Co-Authored-By: Claude Opus 4.7 <noreply@anthropic.com>
* fix(rdf-index-app): avoid double workerExecutor.shutdownNow() in stop()
stop() called workerExecutor.shutdownNow() inline AND through
cleanupLocalExecution -> shutdownWorkerExecutor, which broke the
DistributedRdfIndexExecutorTest.stopAndCoordinatorCleanupOnlyTearDownLocalExecutionOnce
verify(workerExecutor, times(1)).shutdownNow() expectation. Drop the
inline call — cleanupLocalExecution is the single owner of the
shutdown path.
Co-Authored-By: Claude Opus 4.7 <noreply@anthropic.com>
* ci: drop redundant DB matrix from openmetadata-service unit tests
The {mysql, postgresql} strategy matrix on openmetadata-service unit
tests doubled CI cost without adding signal: both jobs ran the same
surefire suite. The `-Pmysql` / `-Ppostgresql` profiles are defined
only in `openmetadata-sdk/pom.xml` (lines 190-206), set a single
`test.database` property, and that property is consumed exclusively by
the failsafe plugin (integration tests `*IT.java` / `*IntegrationTest.java`),
which only runs under `-Pintegration-tests` — not enabled here.
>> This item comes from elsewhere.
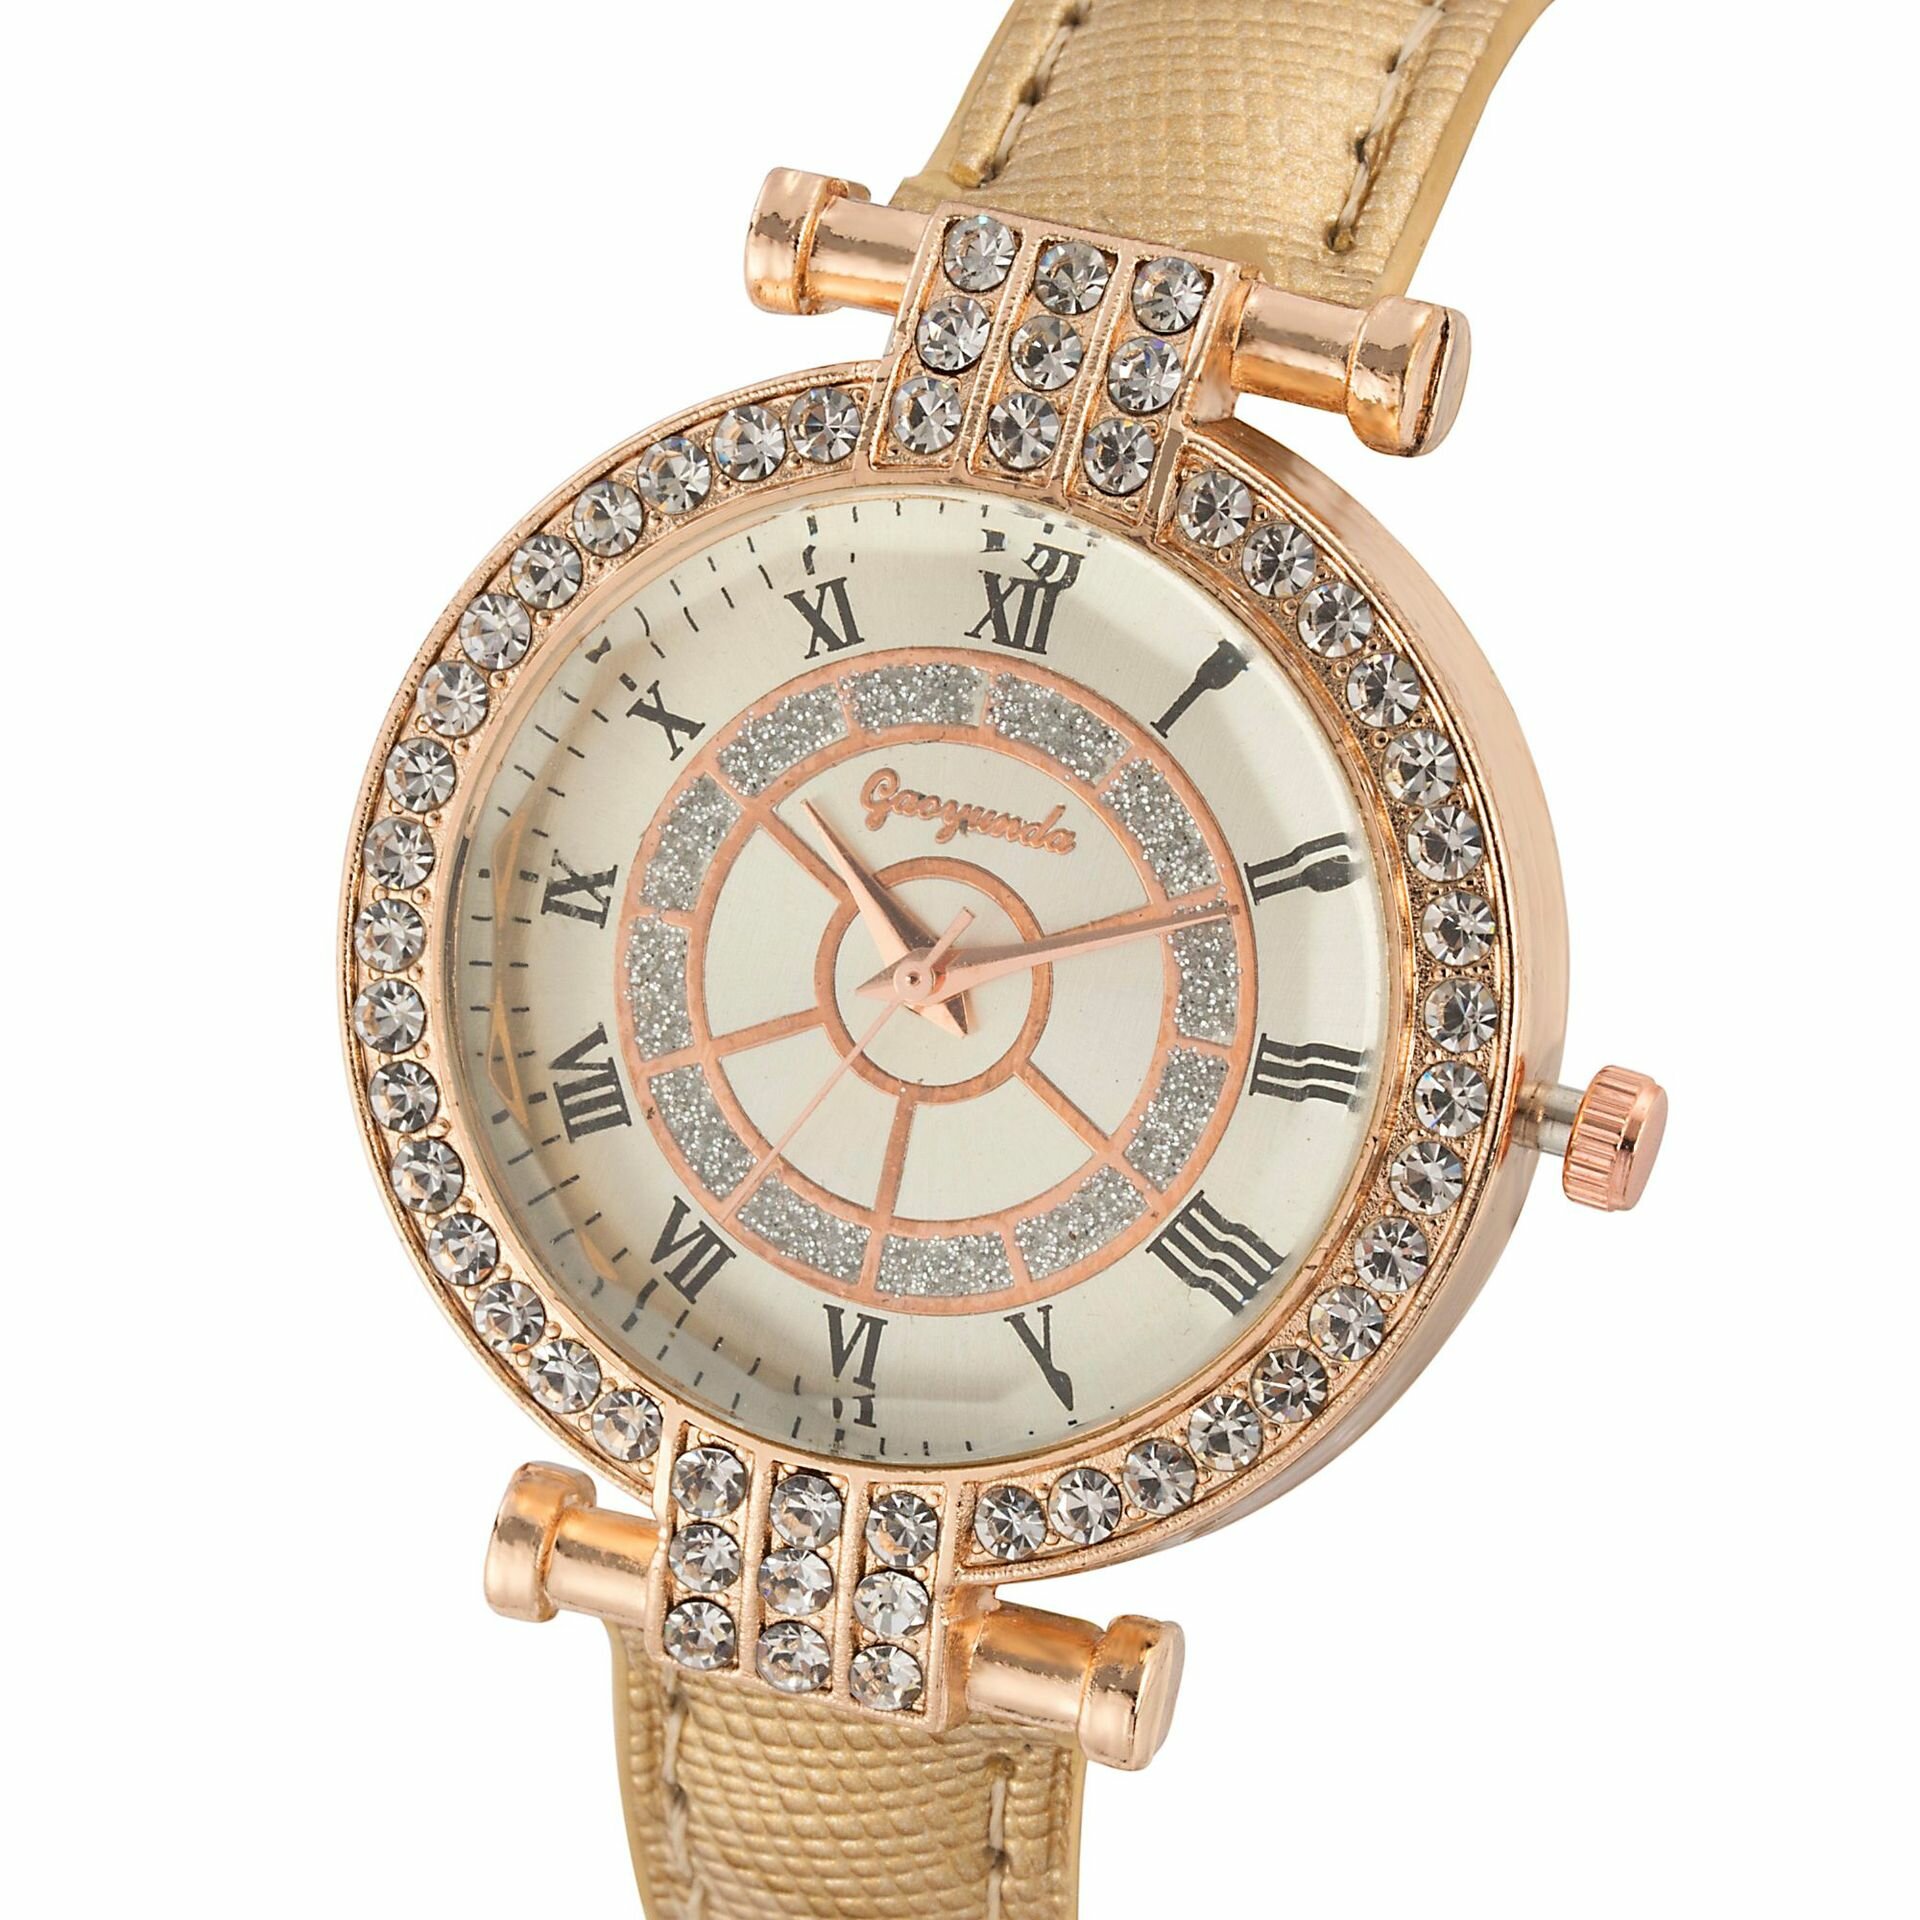 Deffrun Leather Band Women Wrist Watch Casual Style Crystal Quartz Watch

`openmetadata-service` itself has zero tests that read `test.database`
or use `MySQLContainer`/`PostgreSQLContainer` (verified by grep). The
only testcontainer-based DB code in the repo lives in
`openmetadata-integration-tests`, a different module that this workflow
doesn't build.
Run the unit suite once. The `openmetadata-service-unit-tests-status`
required-check aggregator is unaffected (it depends on the renamed job
which still has the same name).
Co-Authored-By: Claude Opus 4.7 <noreply@anthropic.com>
* fix(rdf): address Copilot PR review findings
Six correctness issues raised on PR #27999:
- **Lineage-details DELETE was too broad** (RdfRepository): the cleanup
step deleted *all* `<fromUri> om:hasLineageDetails ?d` triples,
so reindexing one (fromId, toId) edge wiped lineage-details links
for every other downstream of the same source entity. Pin the
delete to the specific `<fromUri> om:hasLineageDetails <detailsUri>`
triple. Same with prov:generated cleanup — anchor it to the
specific detailsUri instead of any details resource.
- **Predicate not flipped during canonicalization** (RdfRepository):
`parseEntityGraphEdgesFromResults` swapped subject/object for
reverse-direction predicates (`prov:wasDerivedFrom`,
`prov:wasInfluencedBy`) but kept the original predicate URI on the
resulting EdgeInfo. Exported graphs could carry semantically
invalid triples like `<upstream> prov:wasDerivedFrom <downstream>`.
Add `forwardEquivalentPredicate` to substitute the OM-native
forward predicate when the direction flips.
- **`dct:modified` was an invalid xsd:dateTime** (RdfPropertyMapper):
`entity.getUpdatedAt().toString()` returns the epoch-millis Long as
a string, but the literal was tagged `xsd:dateTime`. Convert via
`Instant.ofEpochMilli(...).toString()` so the lexical form matches
the type — same fix already in place for prov:invalidatedAtTime.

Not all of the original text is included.